I have two data frames with different column names, there are 10 rows each. What I'm trying to do is compare the column values and if they match copy the email address from df2 to df1. I've looked at this example but my column names are different How to join (merge) data frames (inner, outer, left, right)?. I've seen this example as well of np.where
where more than one condition is used but when i do that it gives me the following error:
ValueError: Wrong number of items passed 2, placement implies 1
What I want to do:
what I want to do is compare the first row 2 columns (first, last_huge) of df1 with all rows of df2 column (first_small, last_small) if the match is found get the email address from that particular column in df2 and assign it to a new column in df1. Can anyone please help me with this I've only copied the relevant code below and its not fully working just adding 5 new records to new_email.

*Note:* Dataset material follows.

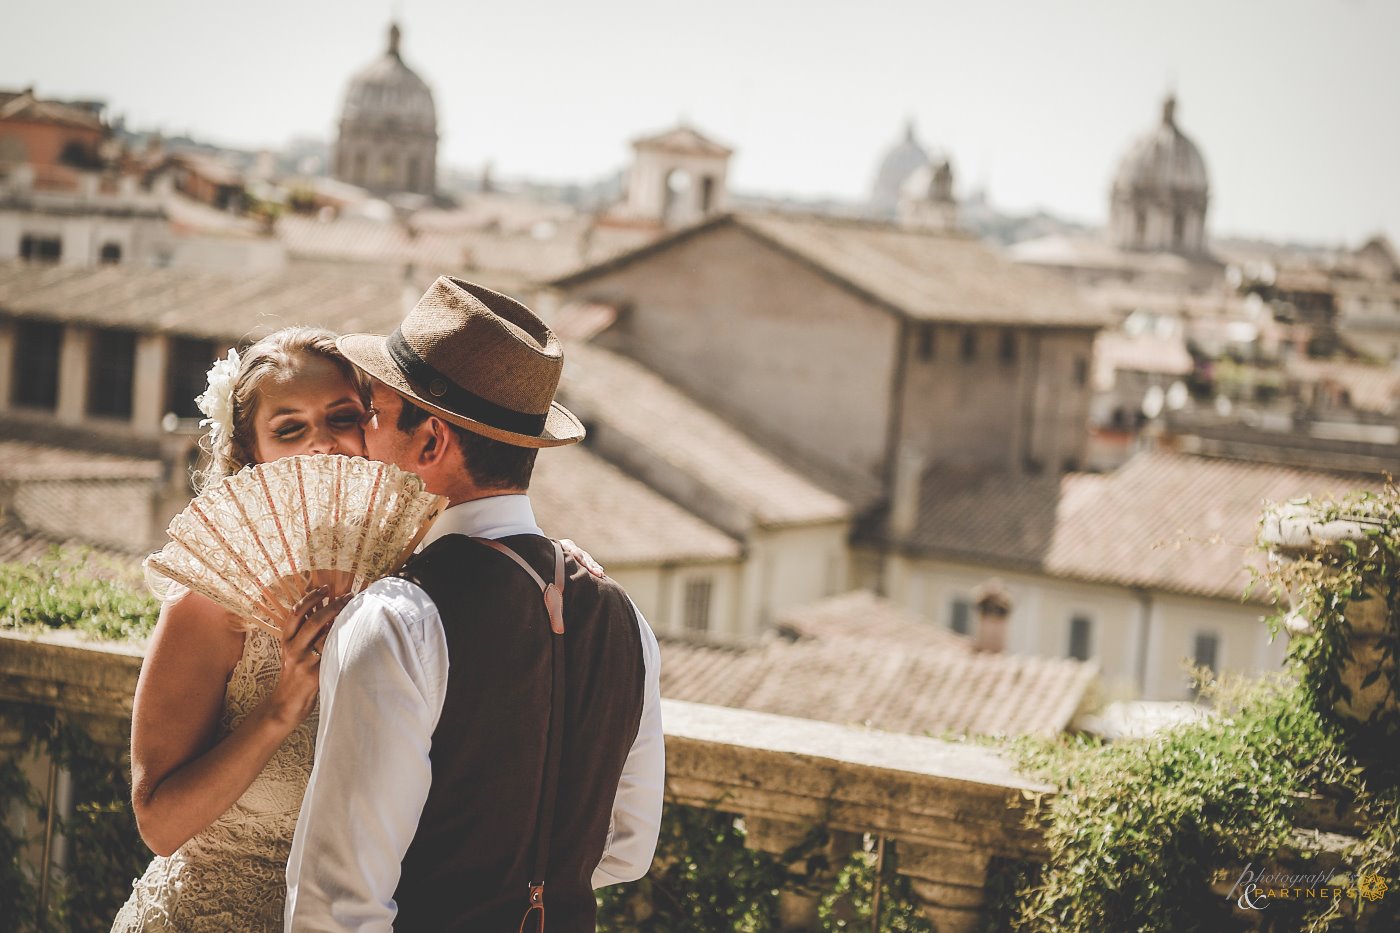 A kiss on a Roman terrace 🌞

Initially what i did is compared df1['first'] with df2['first']
data1 = {"first":["alice", "bob", "carol"],
"last_huge":["foo", "bar", "baz"],
"street_huge": ["Jaifo Road", "Wetib Ridge", "Ucagi View"],
"city_huge": ["Egviniw", "Manbaali", "Ismazdan"],
"age_huge": ["23", "30", "36"],
"state_huge": ["MA", "LA", "CA"],
"zip_huge": ["89899", "78788", "58999"]}
df1 = pd.DataFrame(data1)
data2 = {"first_small":["alice", "bob", "carol"],
"last_small":["foo", "bar", "baz"],
"street_small": ["Jsdffo Road", "sdf Ridge", "sdfff View"],
"city_huge": ["paris", "london", "rome"],
"age_huge": ["28", "40", "56"],
"state_huge": ["GA", "EA", "BA"],
"zip_huge": ["89859", "78728", "56999"],
"email_small":["alice@xyz.com", "bob@abc.com", "carol@jkl.com"],
"dob": ["31051989", "31051980", "31051981"],
"country": ["UK", "US", "IT"],
"company": ["microsoft", "apple", "google"],
"source": ["bing", "yahoo", "google"]}
df2 = pd.DataFrame(data2)
df1['new_email'] = np.where((df1[['first']] == df2[['first_small']]), df2[['email_small']], np.nan)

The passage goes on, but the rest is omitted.